Это был давний и принципиальный спор москвичей со столичными «литературными аристократами» — писателями пушкинского круга, да, впрочем, и с самим поэтом (к слову, также гордившимся древней родословной). Одоевский в своих оценках сословного дворянства и его духовных потенций явно оказывался в петербургском стане. «Демократу» же Полевому, сохранявшему, между прочим, с Одоевским довольно дружеские отношения, в «аристократических» тирадах писателя, недавнего еще москвича, почудилась, возможно, «измена». Любопытно, что и в более позднем, цитированном уже отзыве Белинского отчетливо прозвучали те же «разночинные» нотки. По поводу господина Кивакеля, героя «Той же сказки, только на изворот», — тупого, грубого, бездуховного создания — он иронизировал так же, как и в связи с «девушками»: «Г-н Кивакель тоже, должно быть, воспитан был басурманами, а оттого и получил способность жить только трубкою и лошадьми…».
Однако среди сатирических сказок «пестрого» цикла наиболее интересной в художественном отношении представляется «Сказка о том, по какому случаю коллежскому советнику Ивану Богдановичу Отношенью не удалося в Светлое воскресенье поздравить своих начальников с праздником». Этот гротеск вводит читателей уже в иную, чиновничью, петербургскую среду, предвосхищая своей стилистикой «фантасмагории» «петербургских повестей» Гоголя. Вместе с тем и в этой «фантазии» Одоевский последователен и верен своим идеям. Сквозь уродливость бездуховного, «механического» существования его героя — среднего столичного чиновника, сквозь «мышиный» его горизонт также пробивается неистребимое, по мысли писателя, в человеке чувство поэзии, но пробивается в формах уродливых и пагубных. Органичный человеческой натуре полет воображения уносит Ивана Богдановича лишь к карточному столу. «Духовное начало деятельности, разлитое природою по всем своим произведениям», выражается у него в неодолимой страсти к бостону.
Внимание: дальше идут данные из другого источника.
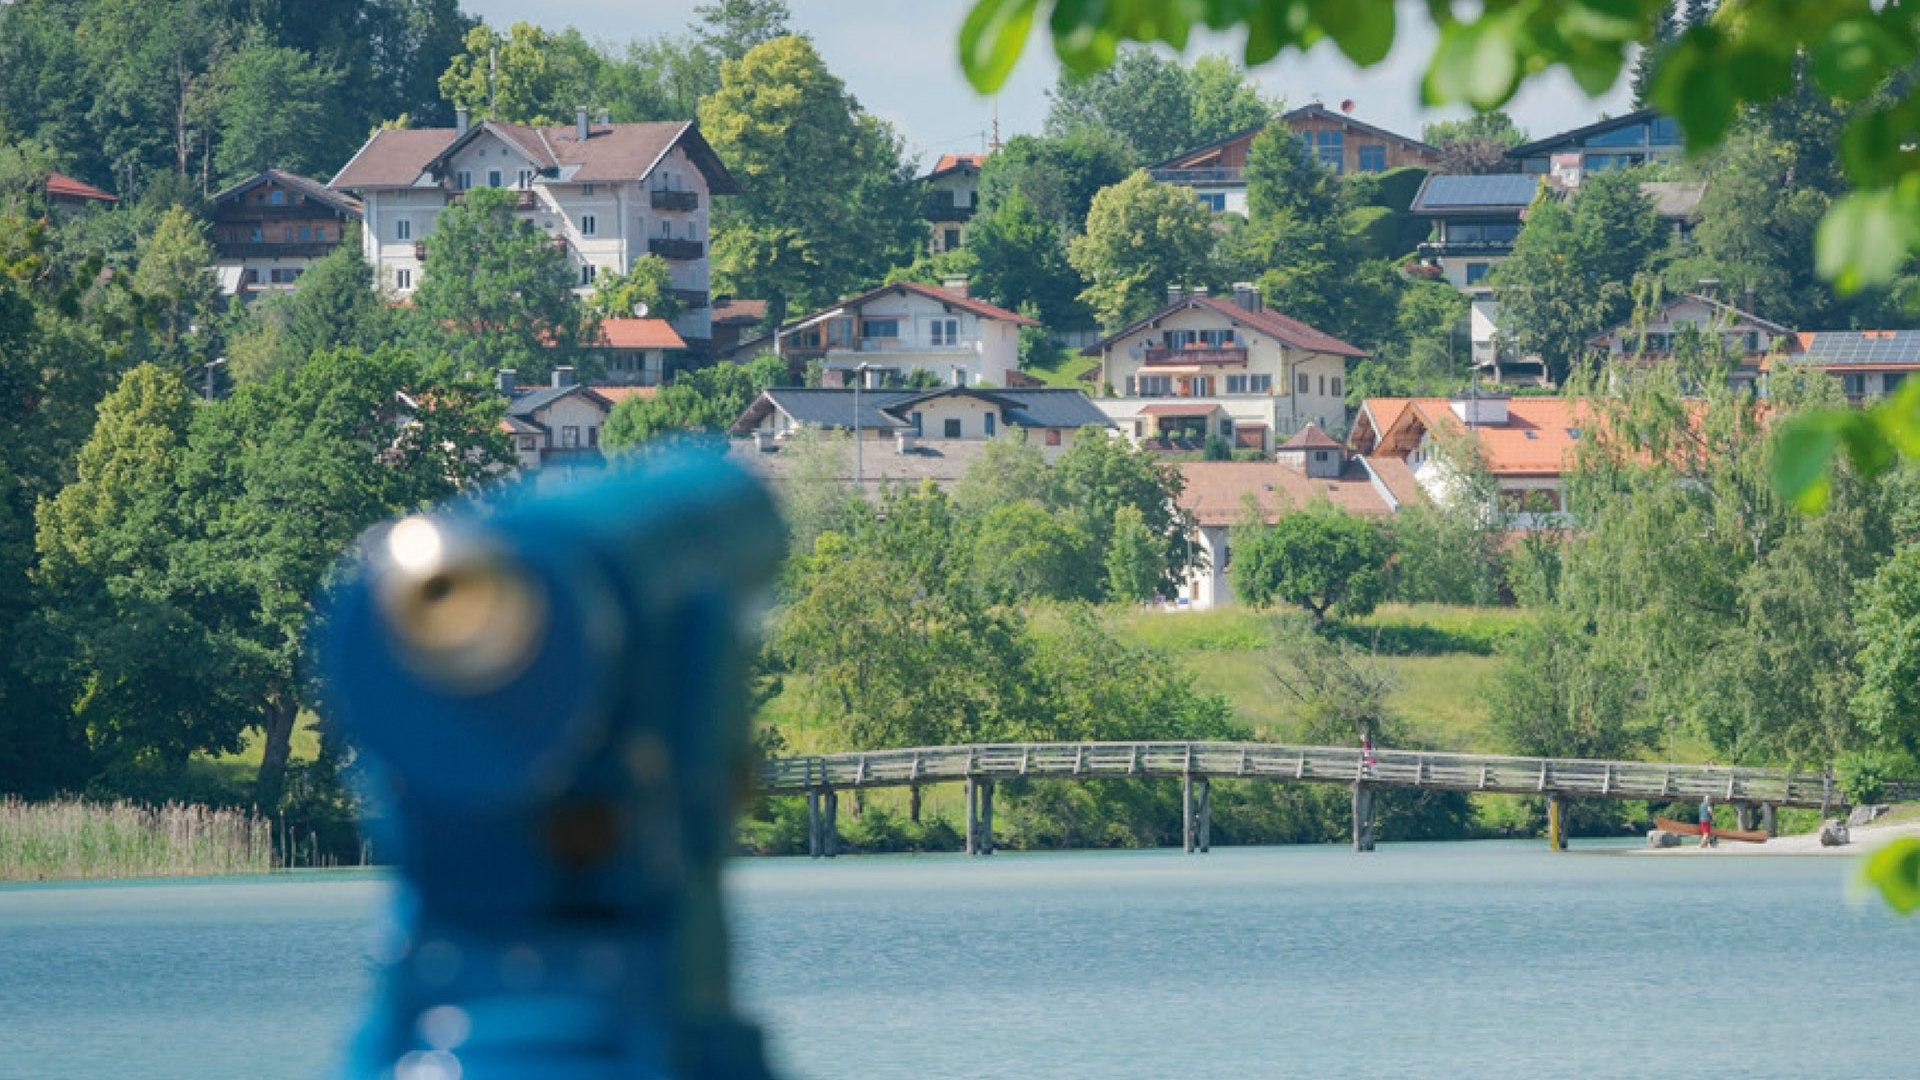 Seeuferweg Gmund, © Der Tegernsee, Dietmar Denger
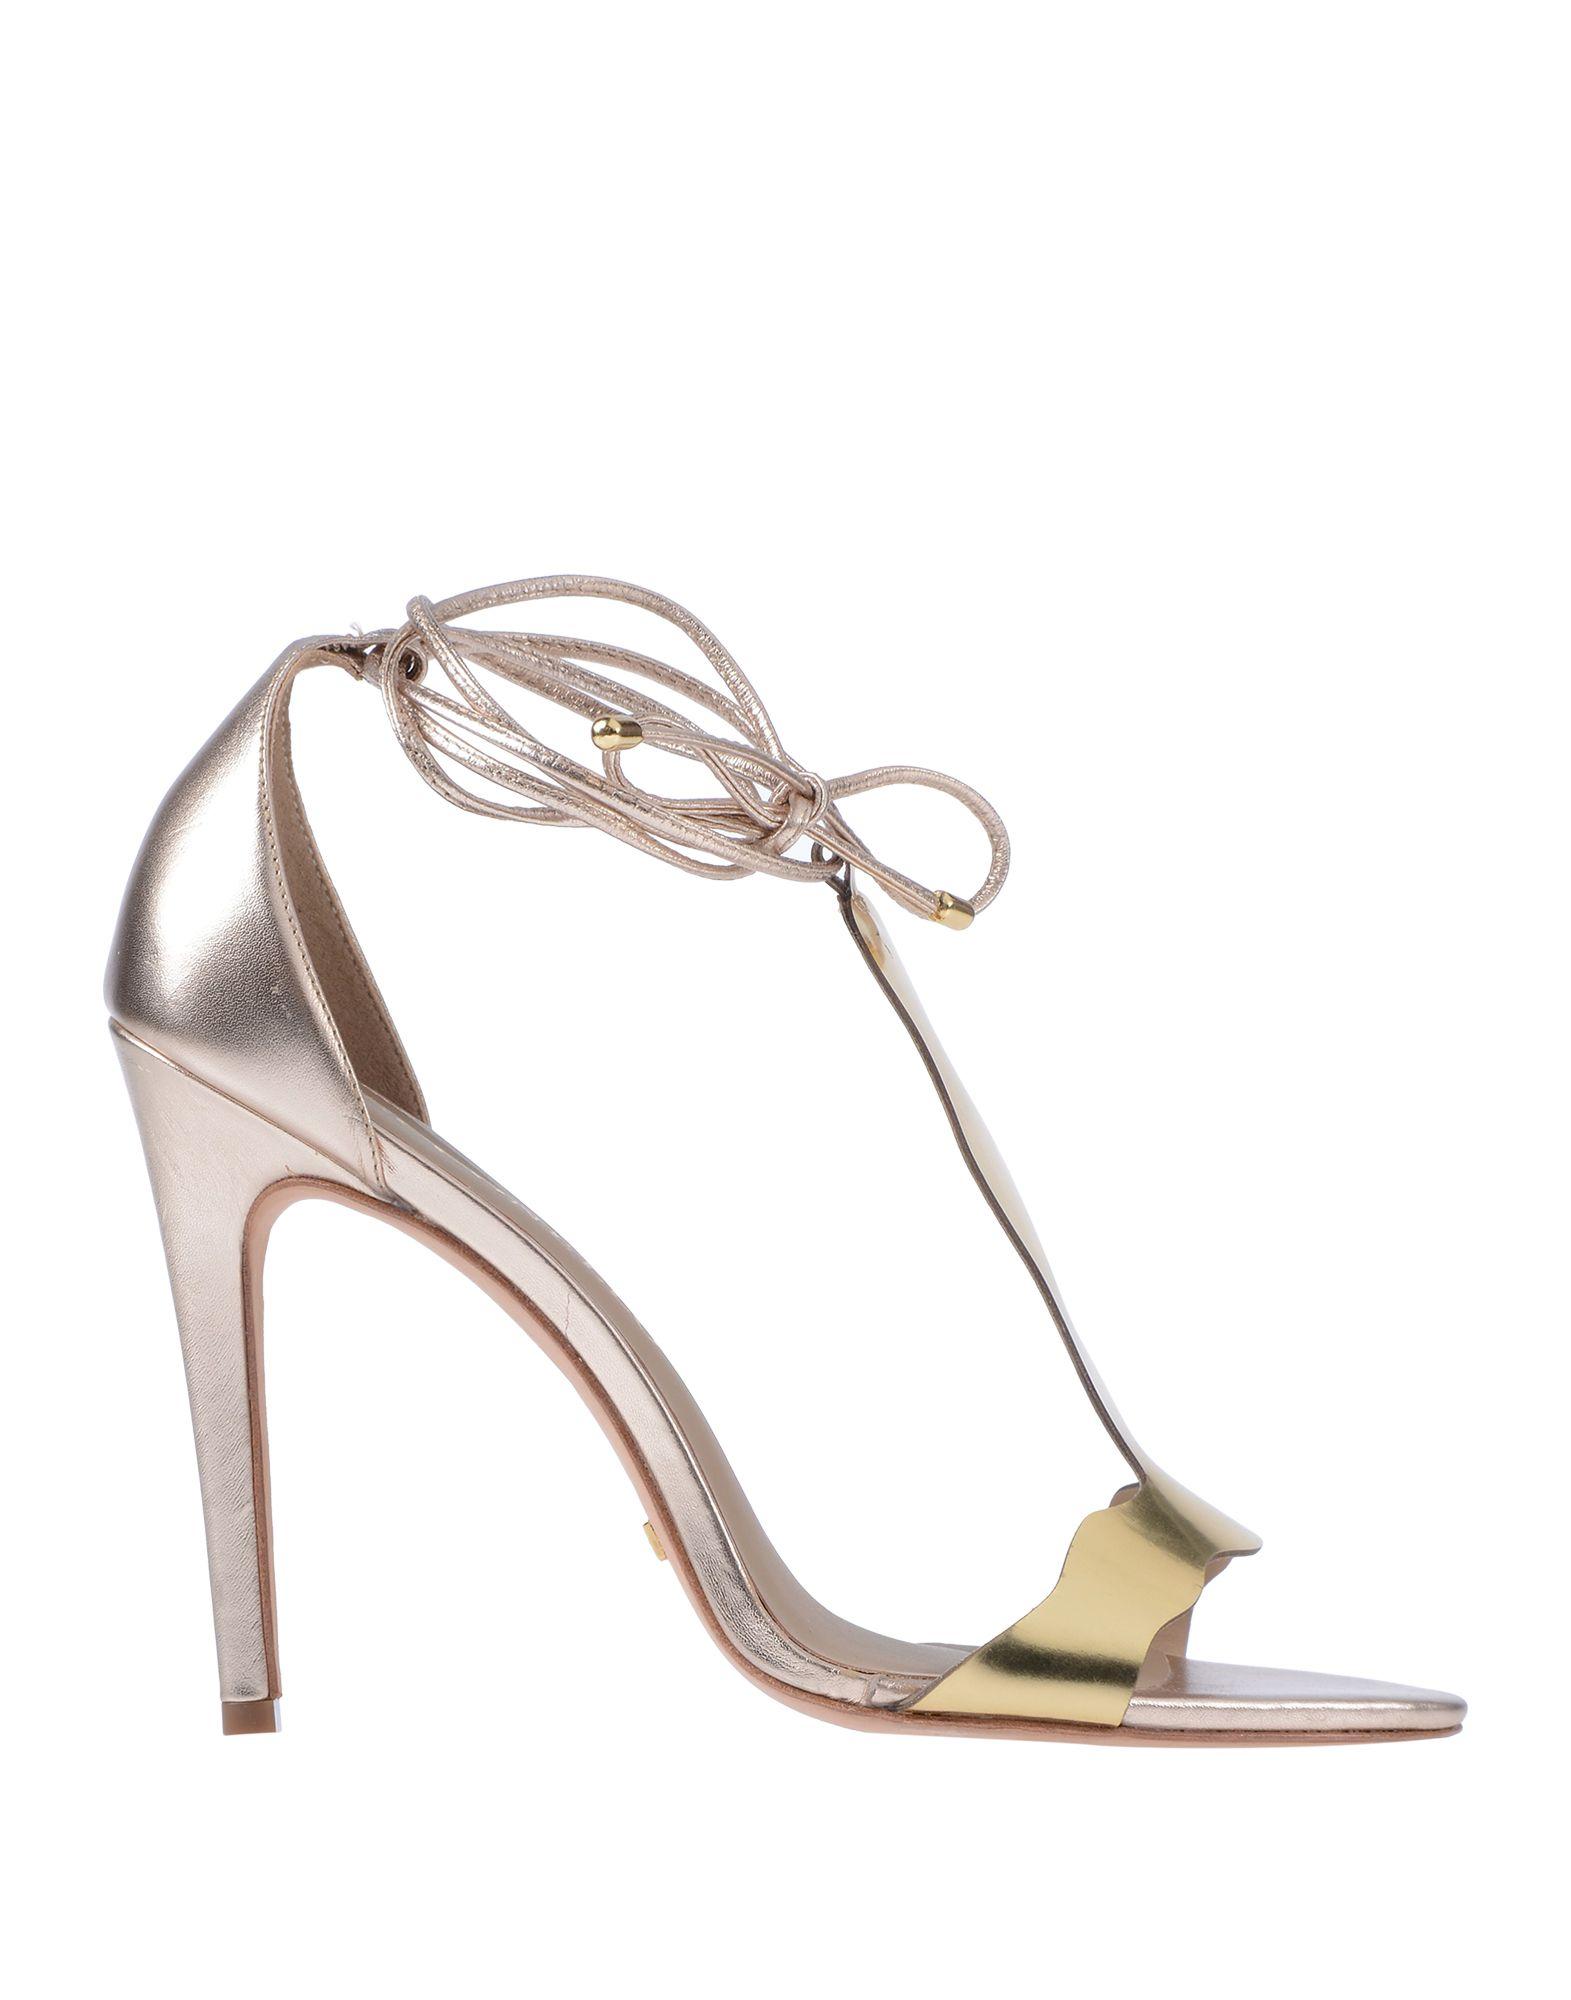 Sandali Cecconello Cecconello donna - 11581512HW  online Shop

Минуты, проведенные за зеленым столом, и были самыми «сильными» в жизни коллежского советника: «…в эти минуты сосредоточивалась вся его душевная деятельность, быстрее бился пульс, кровь скорее обращалась в жилах, глаза горели и весь он был в каком-то самозабвении». Позже Гоголь доведет выражение этой мысли до художественного совершенства, однако и у Одоевского она сопрягается уже со зловещей фантастикой, несущей в себе «гоголевский» смысл: фантастическая история, случившаяся с Иваном Богдановичем Отношенье, так же, как позже и у Гоголя, является следствием реальной смещенности его сознания.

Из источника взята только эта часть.